Source material START
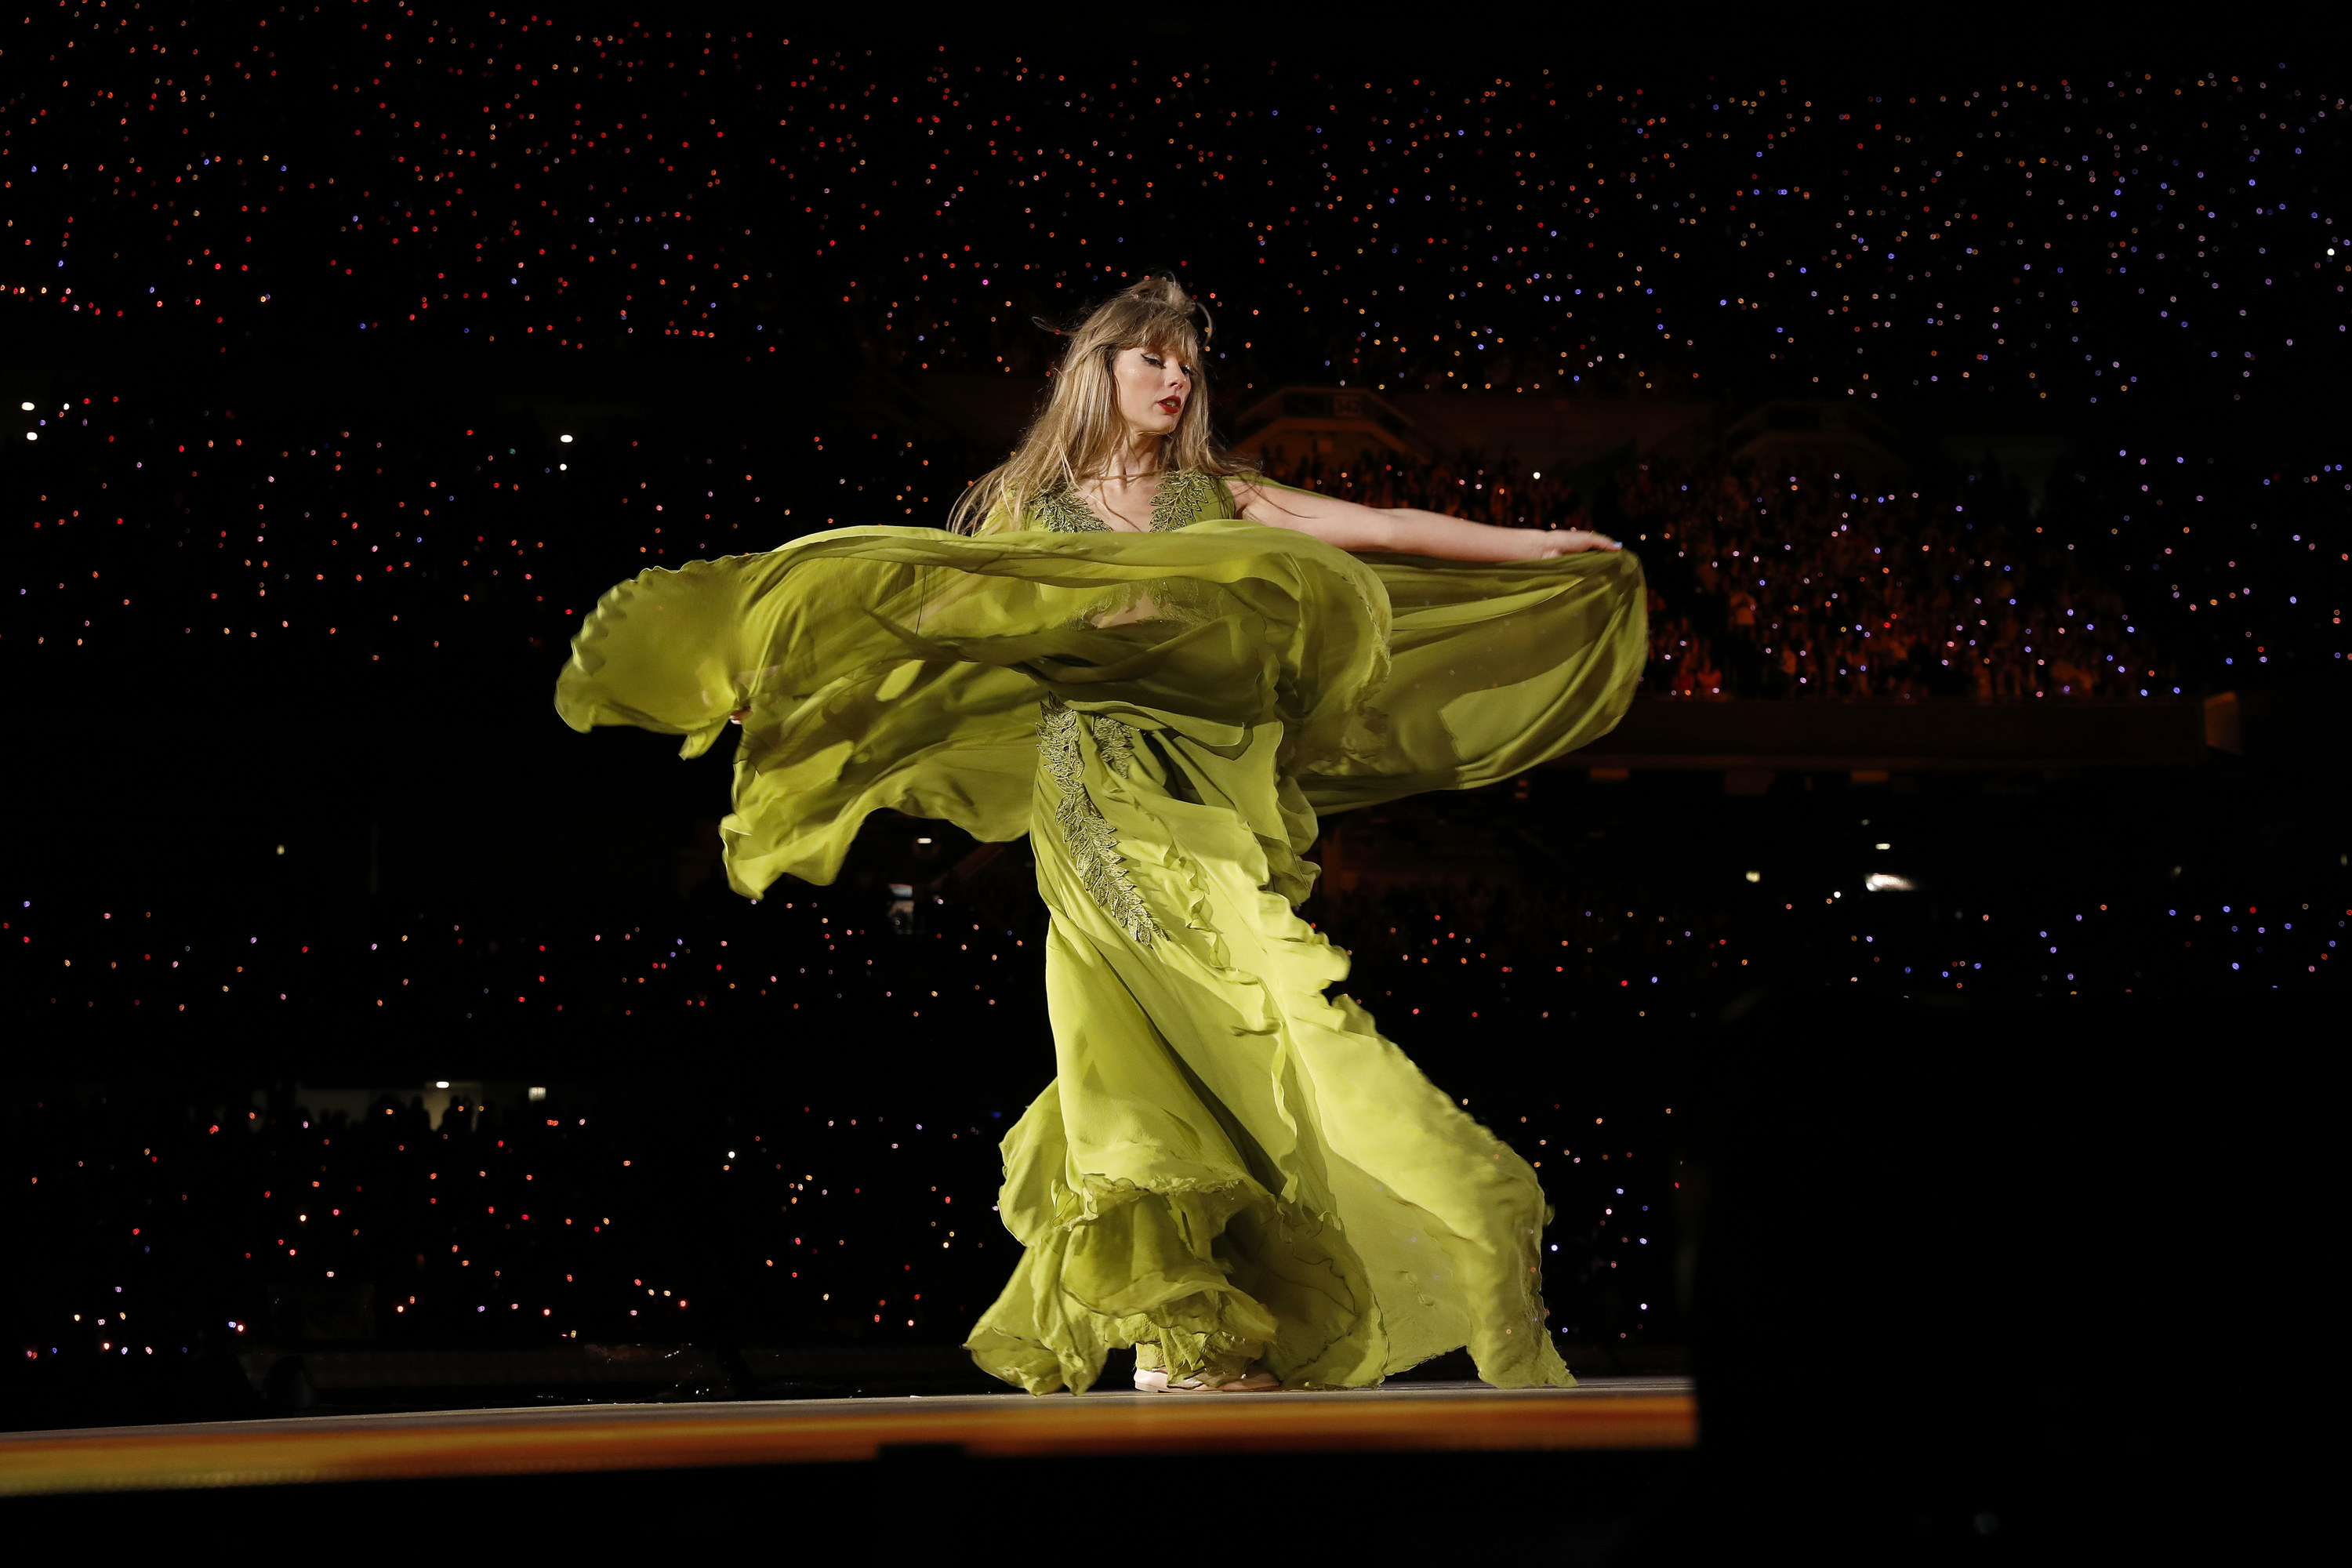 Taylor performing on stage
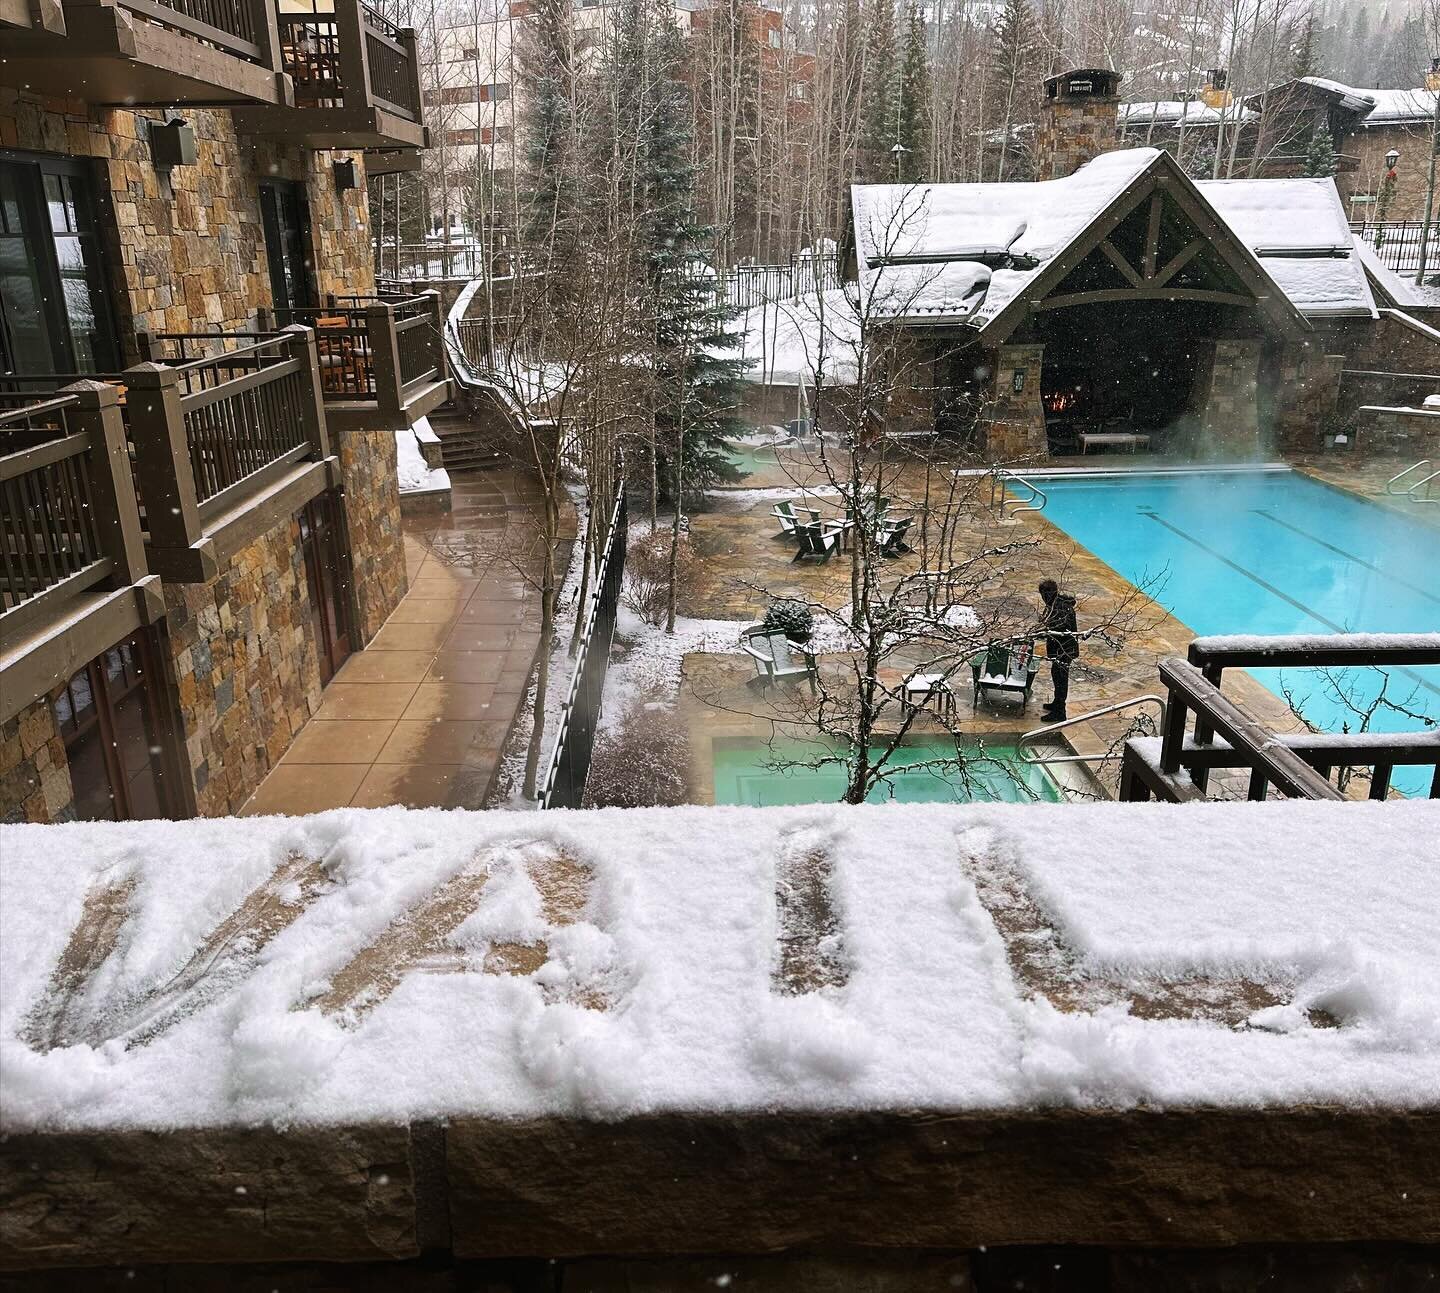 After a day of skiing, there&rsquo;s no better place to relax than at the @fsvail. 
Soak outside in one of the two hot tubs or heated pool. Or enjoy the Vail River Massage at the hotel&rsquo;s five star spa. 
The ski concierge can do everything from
Source material END
*Task description*. Restate every line of the data above word for word, with the images removed.

*Exercise solution*.
 Taylor performing on stage
 After a day of skiing, there&rsquo;s no better place to relax than at the @fsvail. 
Soak outside in one of the two hot tubs or heated pool. Or enjoy the Vail River Massage at the hotel&rsquo;s five star spa. 
The ski concierge can do everything from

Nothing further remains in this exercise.